A Practical Wedding by Meg Keene was clear and seemed reasonable enough, though I’m not getting married or planning a wedding. It’s part of a stack of books I’m chewing through in order to get a better perspective on the entire wedding industry–and especially the many experiences that bride’s themselves go through in the process, and which I only have a limited perspective on as a wedding photographer.
I wondered a bit about where I’d write my little book-report on this one. After all, this website wouldn’t be a bad place to put it. But it’d certainly be a bit random. Maybe for lack of a more fitting place, or perhaps in hopes that a bride will stumble upon this personal website here and then leave convinced that I am in fact personally interested in what she’s going through, here it will go.
In 9 chapters (10 is really kind of just a bonus), Keene covers pretty much everything. She lays thought foundations; covers the basics of guests lists venues and food; challenges the term ‘tradition’; gets quite blunt about budgets; provides useful insights into the nitty-gritty of planning; Provides an overview and new perspective on DIY; gives advice on getting married in the middle of personally traumatic times; Helps provide a guide to choosing the right ceremony; And good advice for getting along with the imperfections of the wedding day.
From my perspective of someone working parallel to all of this, I found two chapters particularly interesting, for different reasons.
First, chapter three, which helps to put some historical context around many of the traditions that we spend a lot of money fulfilling. I liked this perspective because many of the bride’s I’ve worked with seem to have been goaded into some of, or even most of, the traditions by well-meaning family members. I don’t think tradition is worth the effort if it doesn’t mean anything.

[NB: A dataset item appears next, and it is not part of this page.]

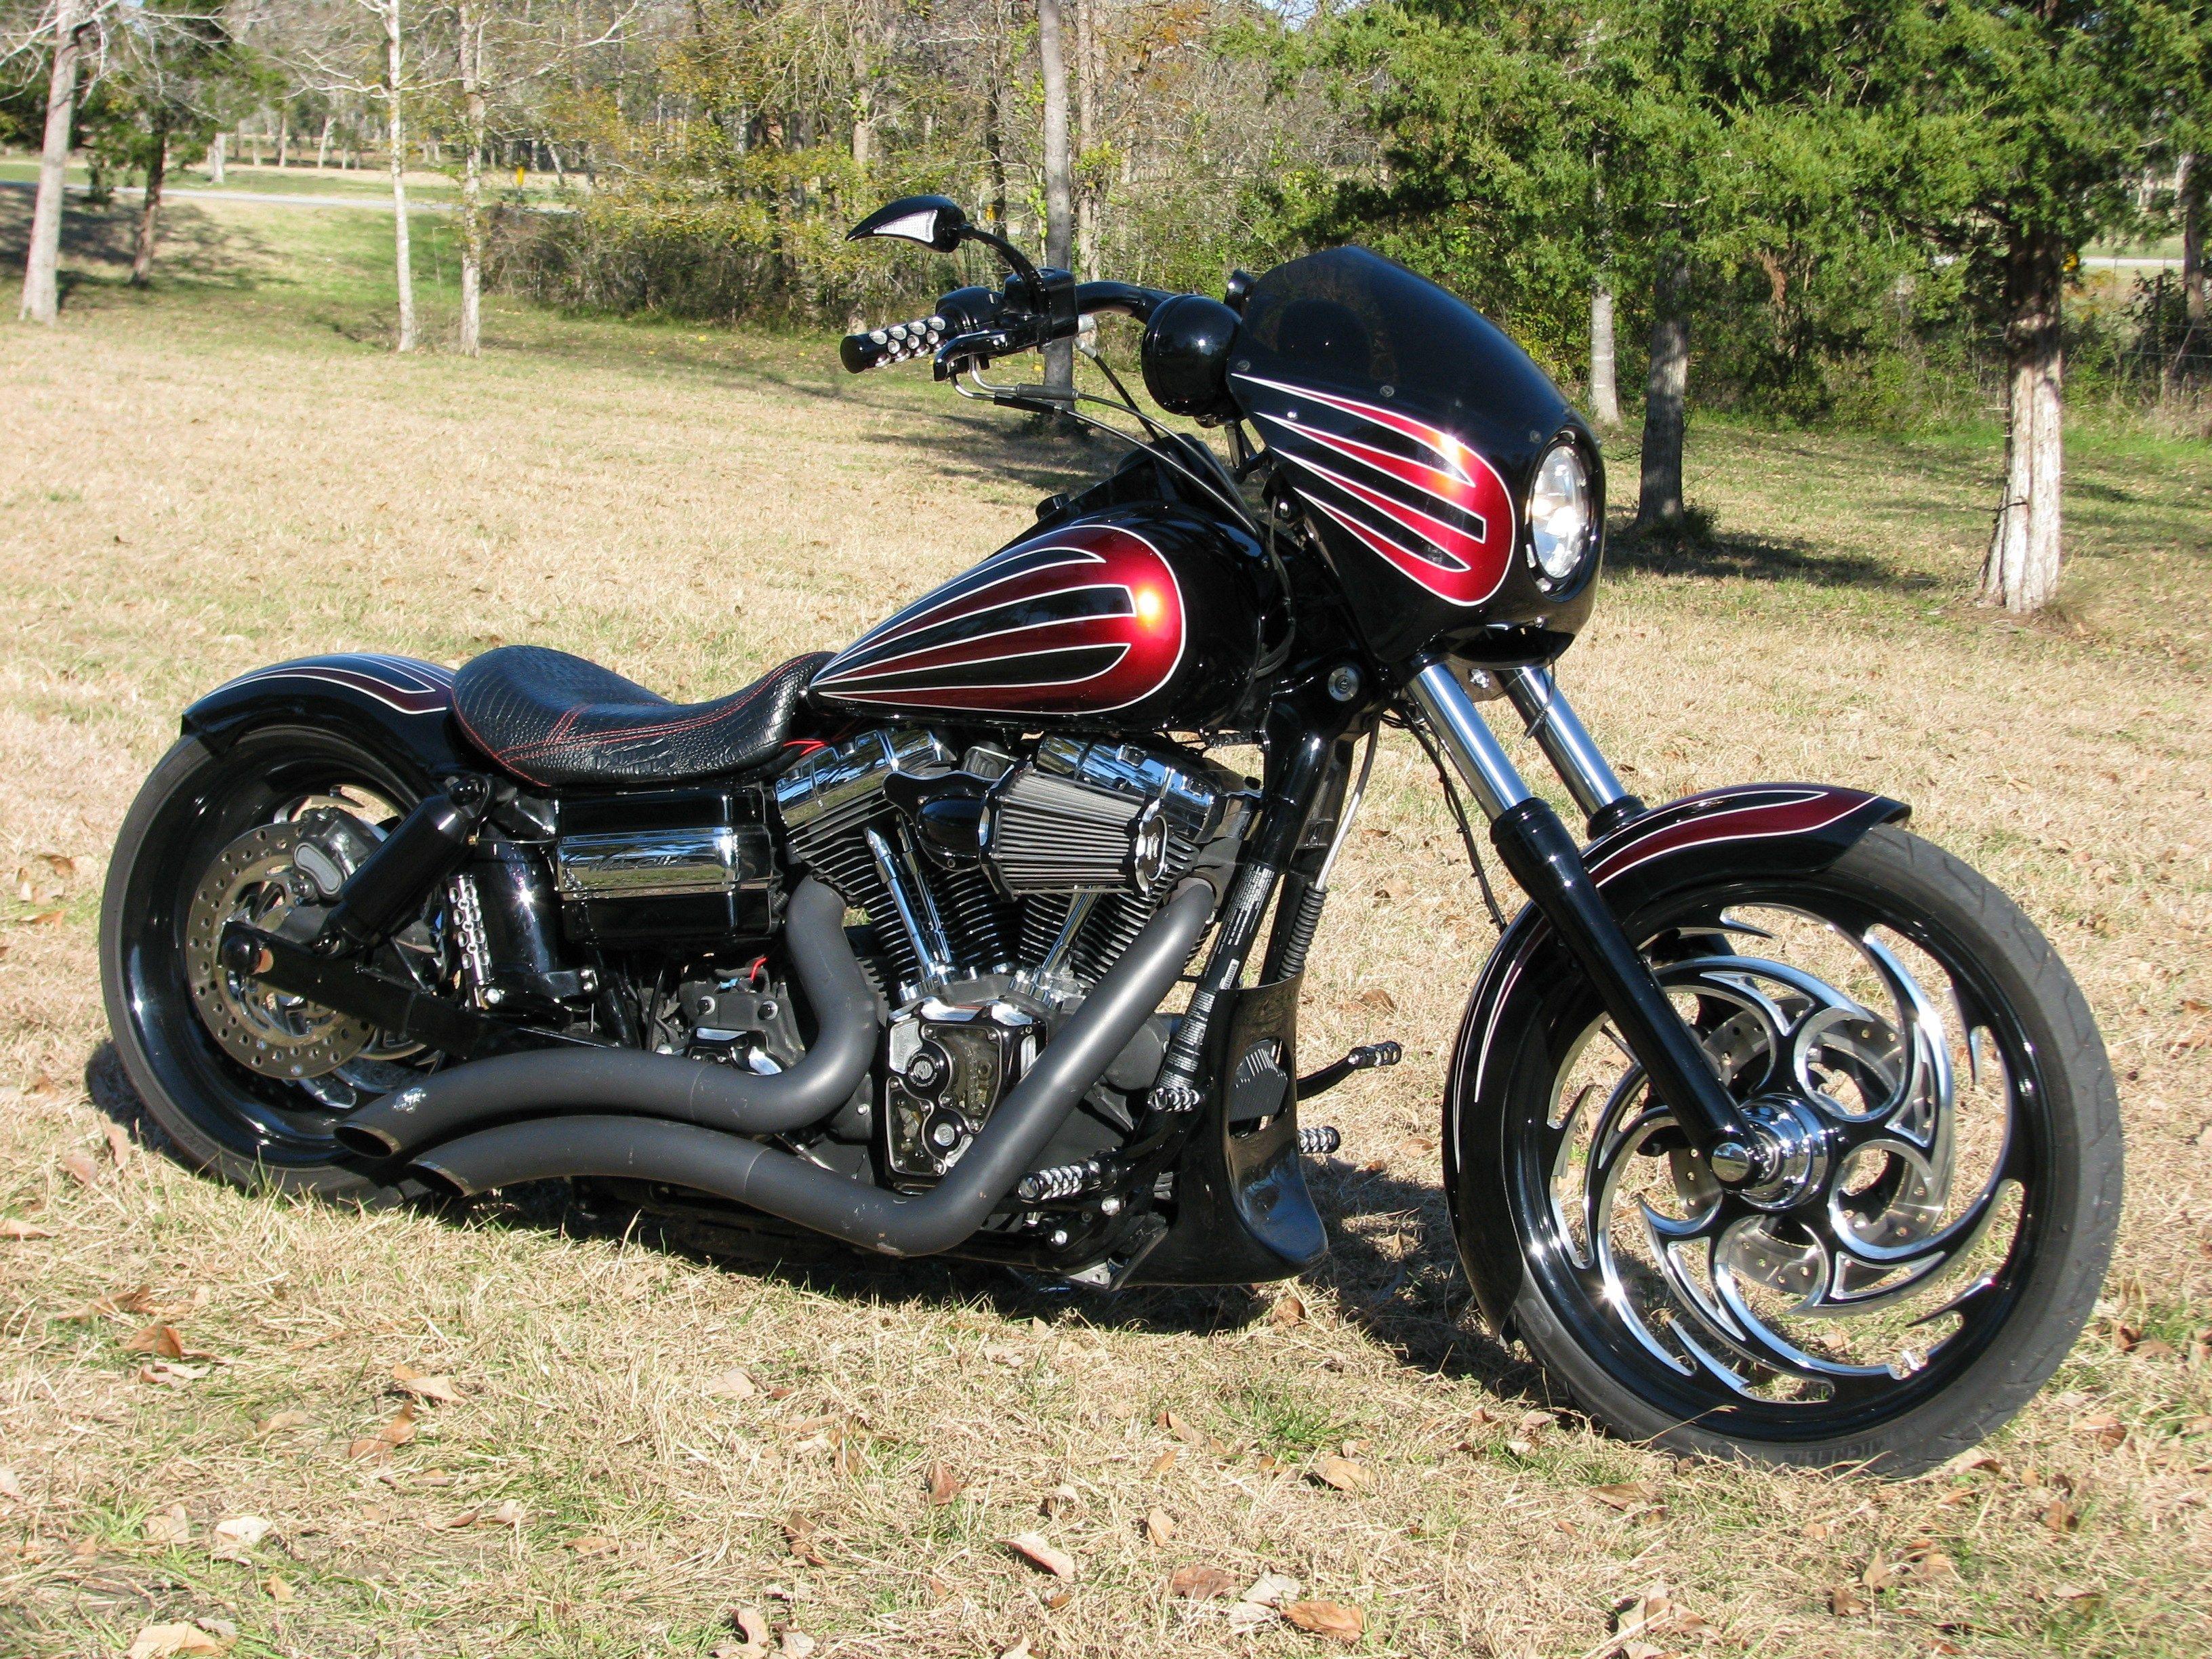 Sick Custom Dyna Wide Glide: 2013 Harley-Davidson® FXDWG Dyna® Wide Glide (Black
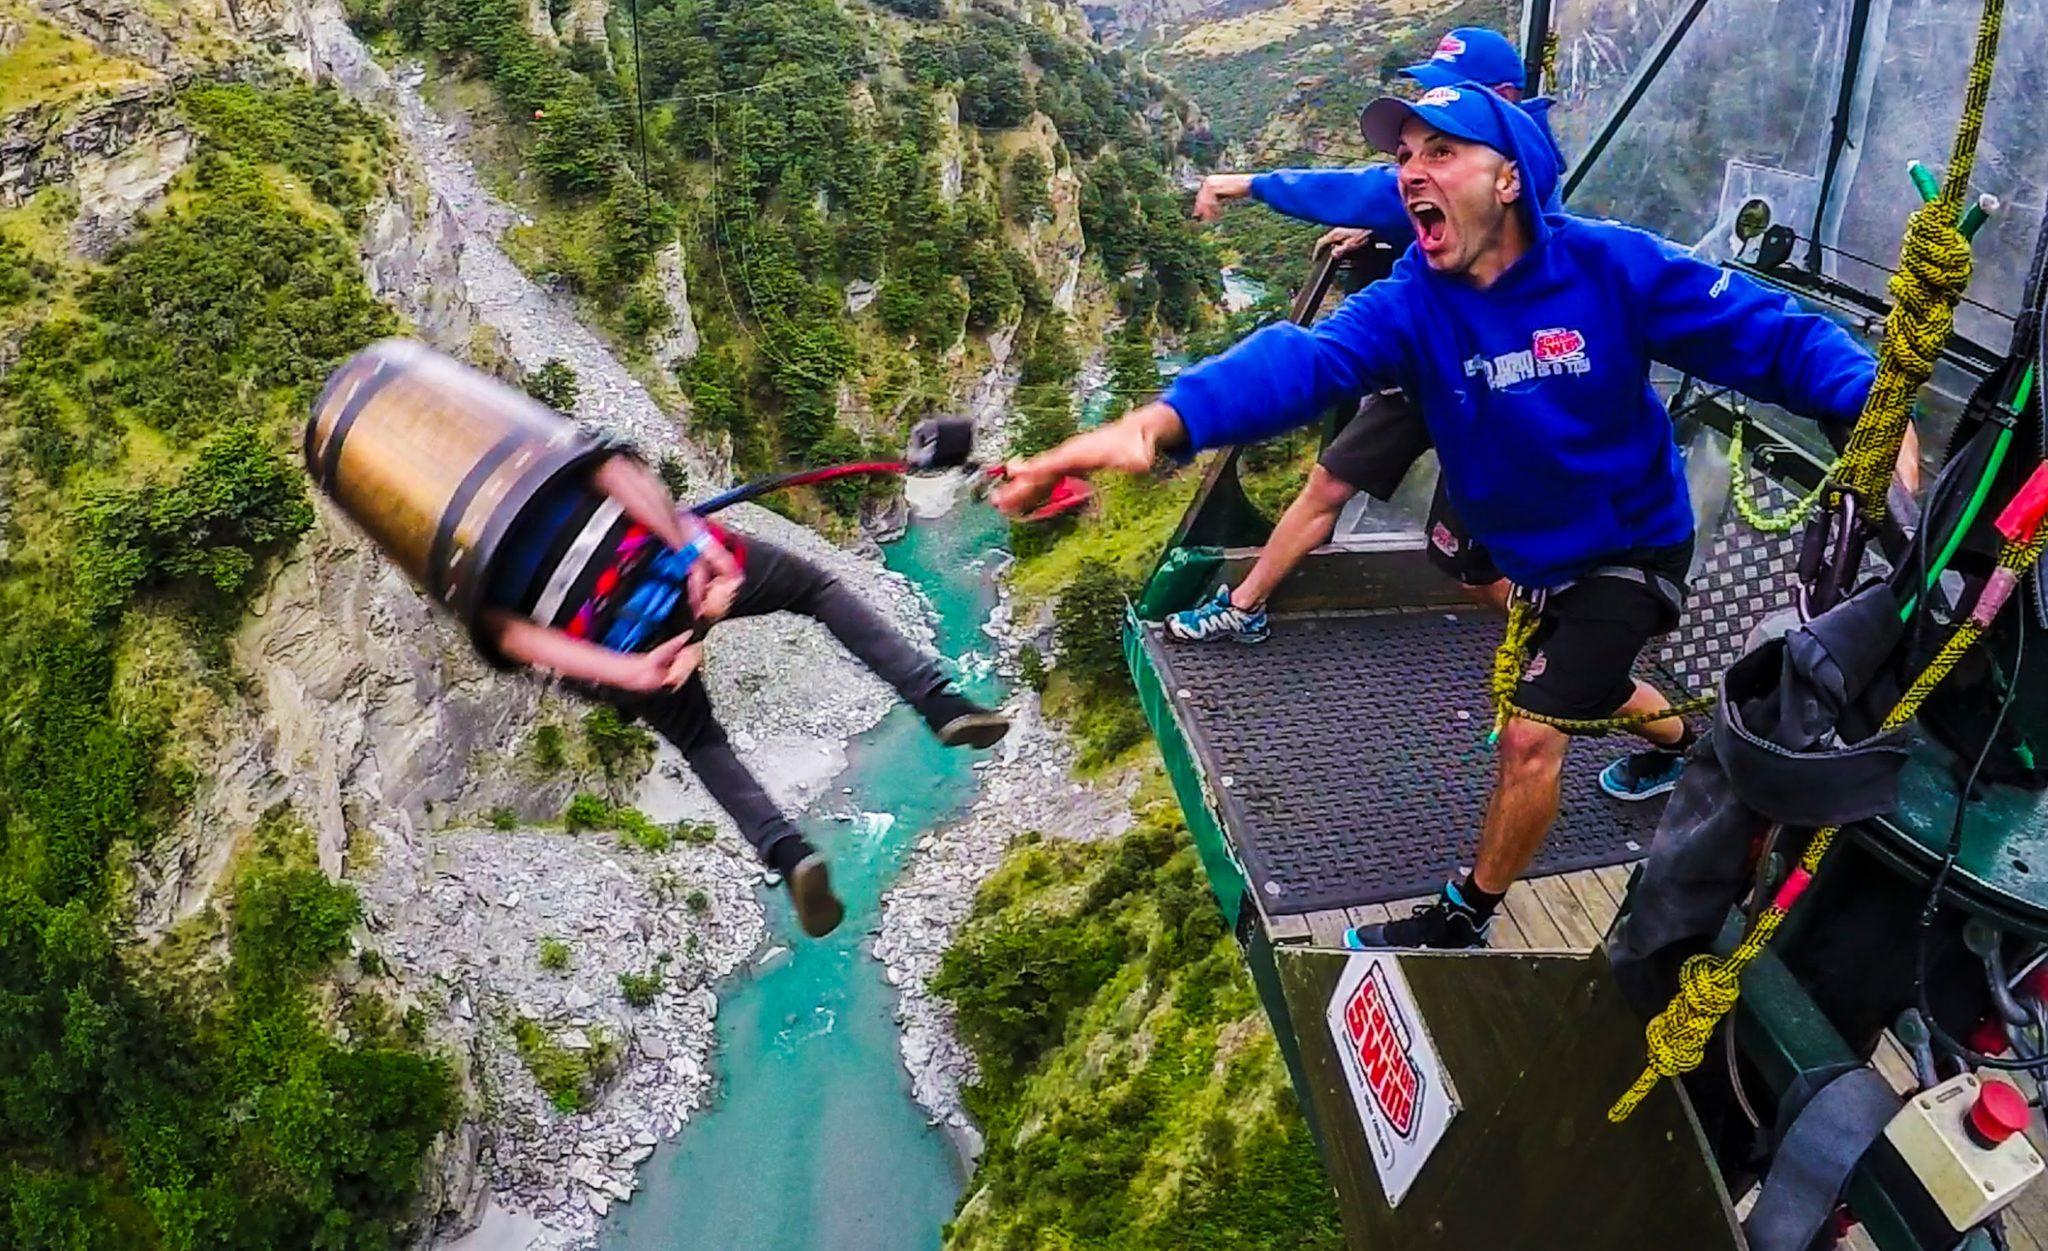 Top 5 Extreme Activities in New Zealand

Second, chapter 5, covers wedding DIY. I liked this chapter and was simultaneously frustrated by it. Keene sets some reasonable expectations, even changing it from DIY, to DIT, “Do It Together”. She covers some of the good reasons to DIY parts of your wedding, like the need to keep busy while there are things that might otherwise cause worry, or simple budgetary concerns. And, of course, DIY because you like being crafty.
But there were two places that I think her advice needed to be more fully disclaimed, or perhaps matching expectations should have been more carefully set. Those were in sections titled “How to DJ Your Wedding” and “How to DIY the Wedding Photography”.
I have been to a lot of weddings. I’ve been to weddings with less than stellar food, or almost no food. I’ve been to weddings that were poorly decorated. I’ve been to weddings in back yards and community centers. I’ve been to weddings that were late, or under the ridiculously hot sun. All of those things were unfortunate. But the two places that seem to leave deeper scars are when the party falls flat because of lackluster DJ, and when the photos don’t live up to expectations. If the DJ drops the ball and the night fizzles out, that feeling lives on. And if the photos are bad, they’re just bad forever.
In these two brief sections of Keene’s book, the advice she gives is not outright bad. But the sticker price on those two services is usually significant enough that I suspect some brides, in an ambitious fit of gusto, decide 14 months before the wedding date that their community will take care of the wedding photography and her brother will be the “music bouncer” on the iPod. Then, 5 or 6 months out, when considering what it really takes to manage a very important party playlist, or realizing that because of the sunset, none of her guest’s smartphones will be able to get a good picture, she decides she better go ahead and hire someone. But by then DJ’s and Photographer she would have wanted have long since been booked up.
That’s a true story that I’ve heard more than once. Twice, to be specific. I’ve heard it twice.
In Conclusion
I appreciated much of what the author had to say. The title of the book A Practical Wedding really does sum it up well. Almost all of the advice is delivered with honesty, gentleness and inclusiveness. She rarely suggests something is definitively right or wrong and rather sides with it only being so if it is so for you. If you’ve recently become engaged, I think this book will act as a useful resource and encouragement. It’s worth the 8 bucks or whatever it is.